Wednesday, 1 February 2017

Walking my Dog in Logan Park, DC  
the Day After the Women’s March

Jan Zlotnik Schmidt


Soggy. Doused with rain.  
My dog’s hair, matted, curled, like tiny snails. 
He sniffs the wet ground. Paws dead leaves and twigs. 
The rain soaks through my jacket.
I mop drops off my fogged glasses. 
Signs are flattened in the grass. Streaked
Words emerge out of the deluge. Dump Trump.
Humanity not Insanity. Love Trumps Hate. 
No Mandate. 
Messages rolled up, dumped in garbage cans
with newspapers, empty Heineken bottles, and pizza crusts.
The wind whips around me. Blows off my hood 
Women’s Rights Are Human Rights. Bad Hombre.
Mud and sludge. Dark puddles pool around roots of trees.
I was there. Pink waves buoying me up. 
On the bus going a Latino man with a pussy hat
starts “America the Beautiful.”
All sing--brown, black, white, young and old.
men and women. The driver too.
Women’s Rights are Human Rights.
No left or right.  Just straight ahead.
Words bleed into the muddy earth.
Make America gracious again.
They ground me.
The dog shakes off the rain.

* * * * *

Jan Zlotnik Schmidt is a SUNY Distinguished Professor of English at SUNY New Paltz where she teaches composition, creative writing, American and Women’s Literature, creative nonfiction, memoir, and Holocaust literature courses.

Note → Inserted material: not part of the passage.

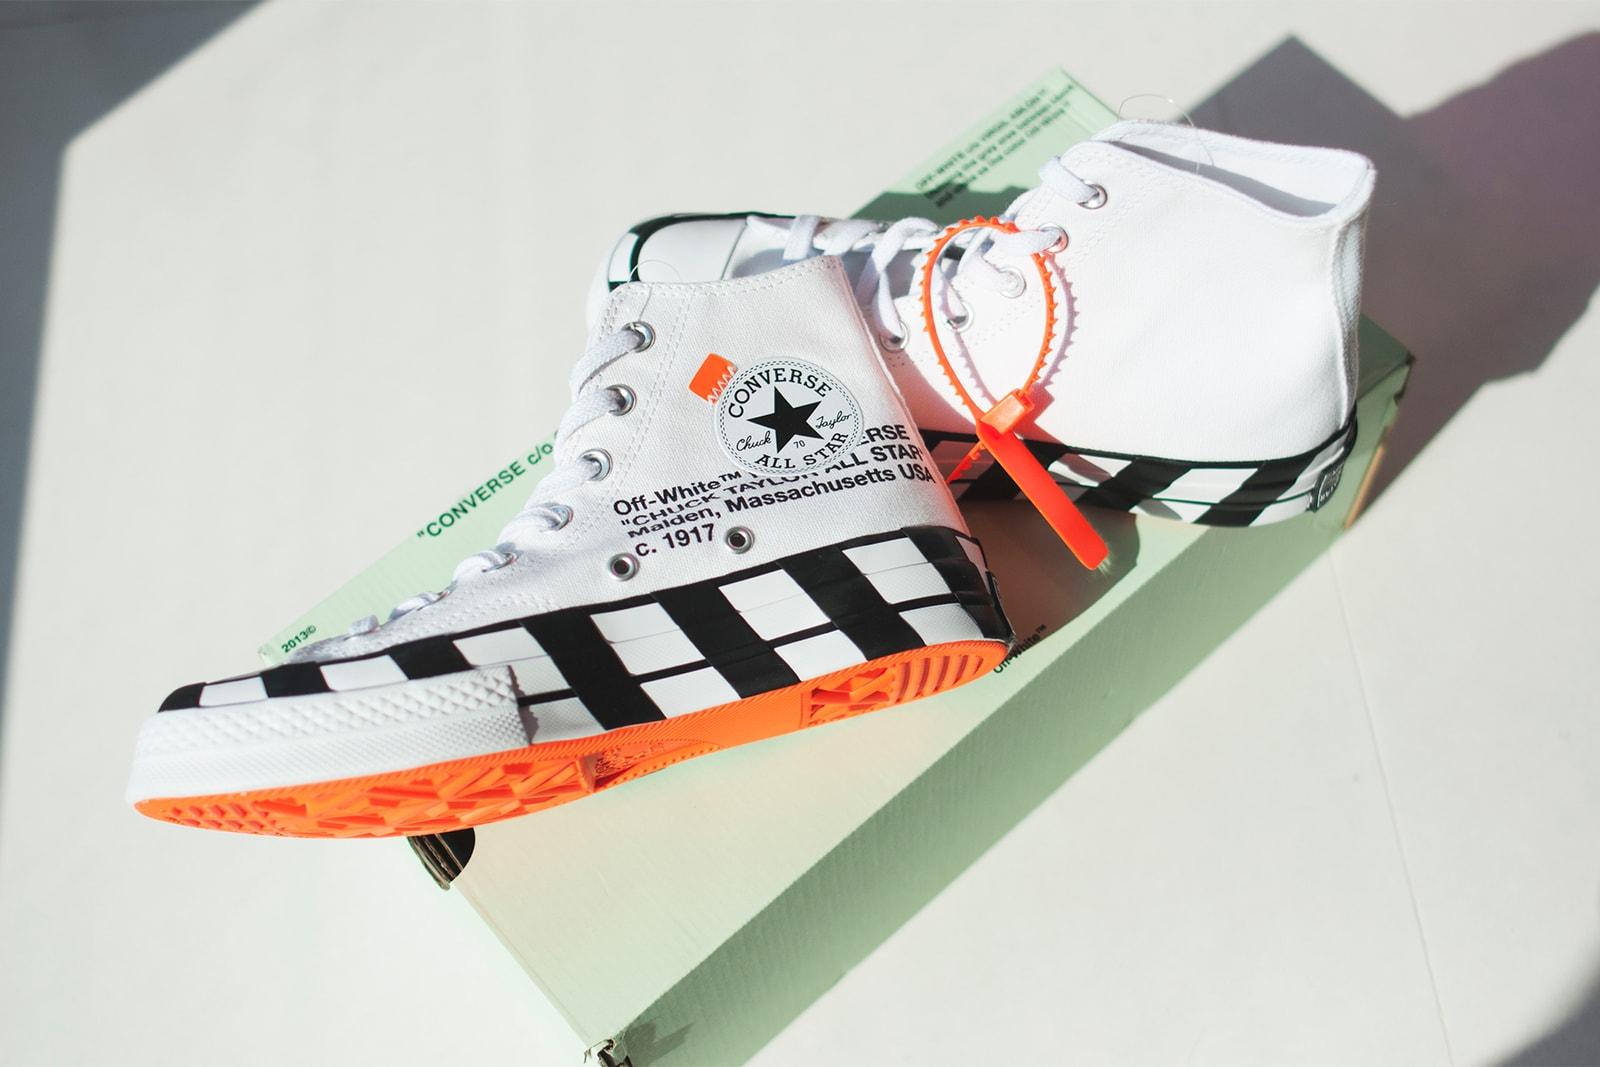 b0b3f1384ab8 Off-White x Converse Chuck 70 White Release Date

Her work has been published in many journals including The Cream City Review, Kansas Quarterly, The Alaska Quarterly Review, Home Planet News, Phoebe, Black Buzzard Review, The Chiron Review, Memoir(and), The Westchester Review, and Wind.  Her work also has been nominated for the Pushcart Press Prize Series. She has had two volumes of poetry published by the Edwin Mellen Press (We Speak in Tongues, 1991; She had this memory, 2000).  Recently her chapbook, The Earth Was Still, was published by Finishing Line Press and another, Hieroglyphs of Father-Daughter Time, was published by Word Temple Press.